Thursday, February 7, 2019

Dawson Ice Bridge Problems

Readers may recall that in the past couple of winters I've mentioned the odd reluctance of the Yukon River to freeze up properly at Dawson in the Yukon Territory.  This has created a problem for residents of West Dawson who in years past relied on an ice bridge for seasonal access to the main town on the east side of the river.

Perhaps not surprisingly, the same problem has occurred this winter, and efforts to stimulate ice growth across the stubbornly open channel were called to a halt last week.  Here are a couple of news articles on this winter's lack of success:

Here's a view from the webcam in Dawson a few days ago, looking out across the river; as in past winters, a narrow strip of open water is visible.

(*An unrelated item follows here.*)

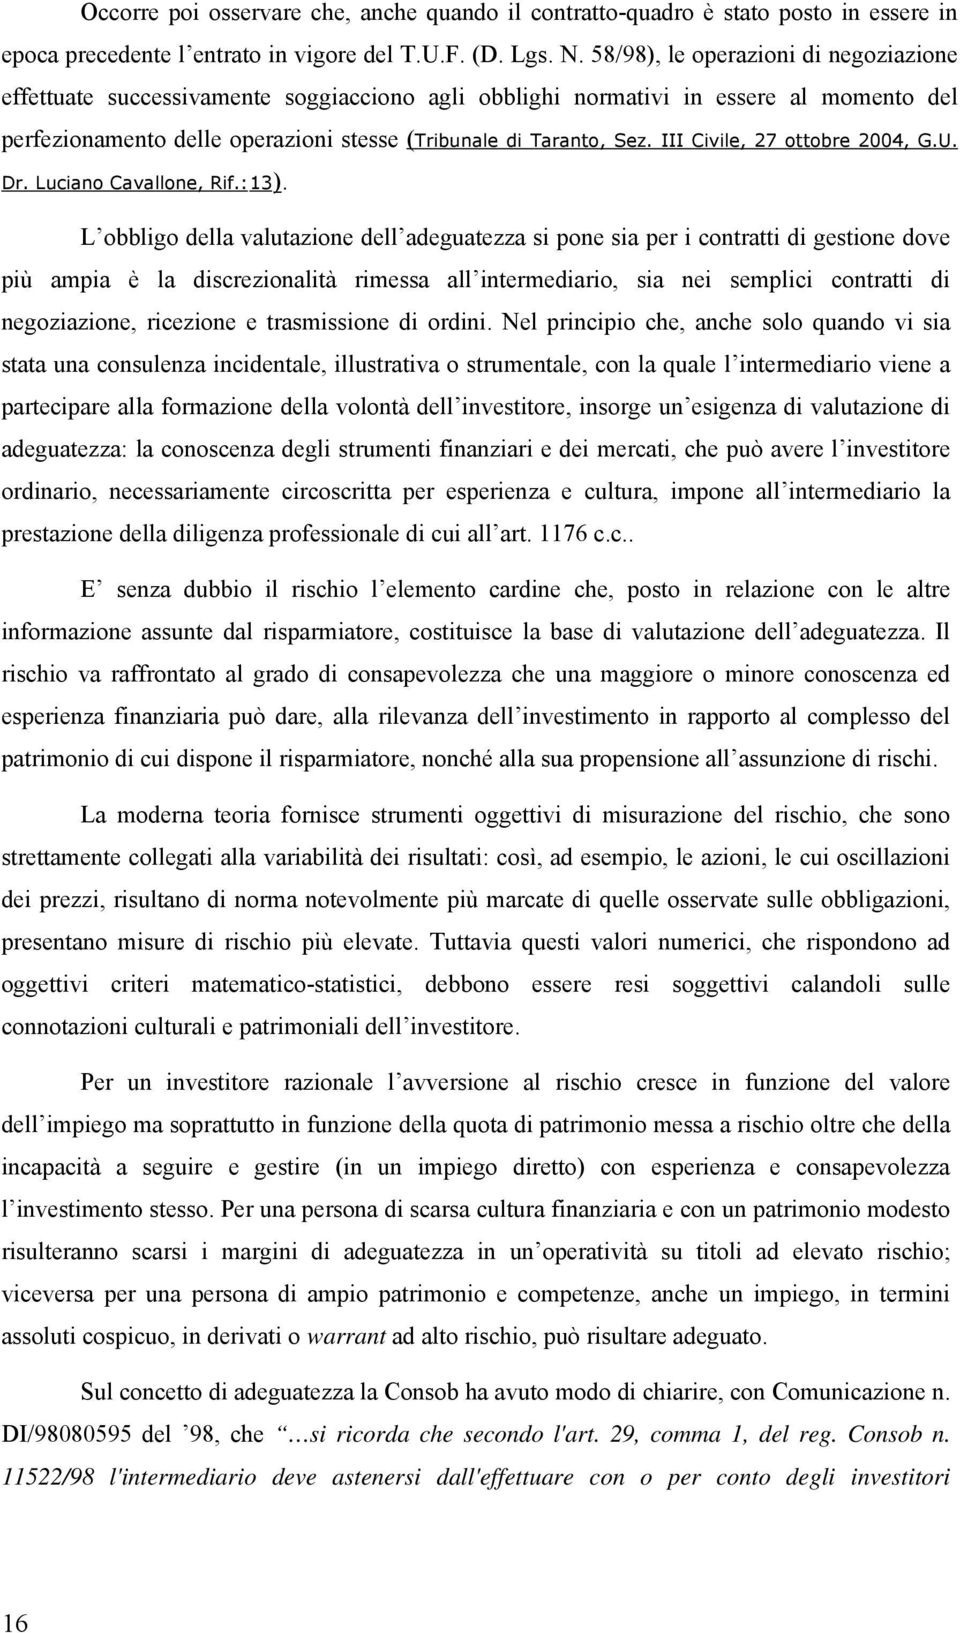 III Civile, 27 ottobre 2004, G.U. Dr. Luciano Cavallone, Rif.:13).

The lack of an ice bridge has been deemed sufficiently important that Canada's National Research Council looked into the issue last year, and a report was issued in October; it makes for very interesting reading.  The report discusses a variety of hypotheses about what may have caused the change, but there are no definitive conclusions; there may be multiple factors at play, some of which we've speculated about before on this blog (including good comments from readers).

As we've noted before, the change in ice conditions can't simply be pinned on warmer winter weather, because temperature data from Dawson doesn't show substantially warmer conditions in the winters when freeze-up failed.  The accumulated total of freezing degree days has been slightly lower this winter than the two-decade normal, but 2016-17 and 2017-18 were both near normal through this point in the season (see below).  Of course it is possible that ground and/or river water temperatures have risen, as noted in the NRC report.


  1. Hi Richard: One possibility might be changes in channel geometry. The Yukon is a glacial river and they are notorious for shifting channel conditions. If a large silt bar built up on the near side of the river, it might shift enough flow to the far bank to create a faster, deeper channel that doesn't freeze over. This happens some years on the Tanana River, making it potentially dangerous to use in the winter. Jon

    1. I agree, and I think that is the most likely explanation. It will be interesting to see if action is taken (e.g. dredging) to try to restore a more favorable channel profile.


    Recent sandbar in the middle river causing increased flow along the edge?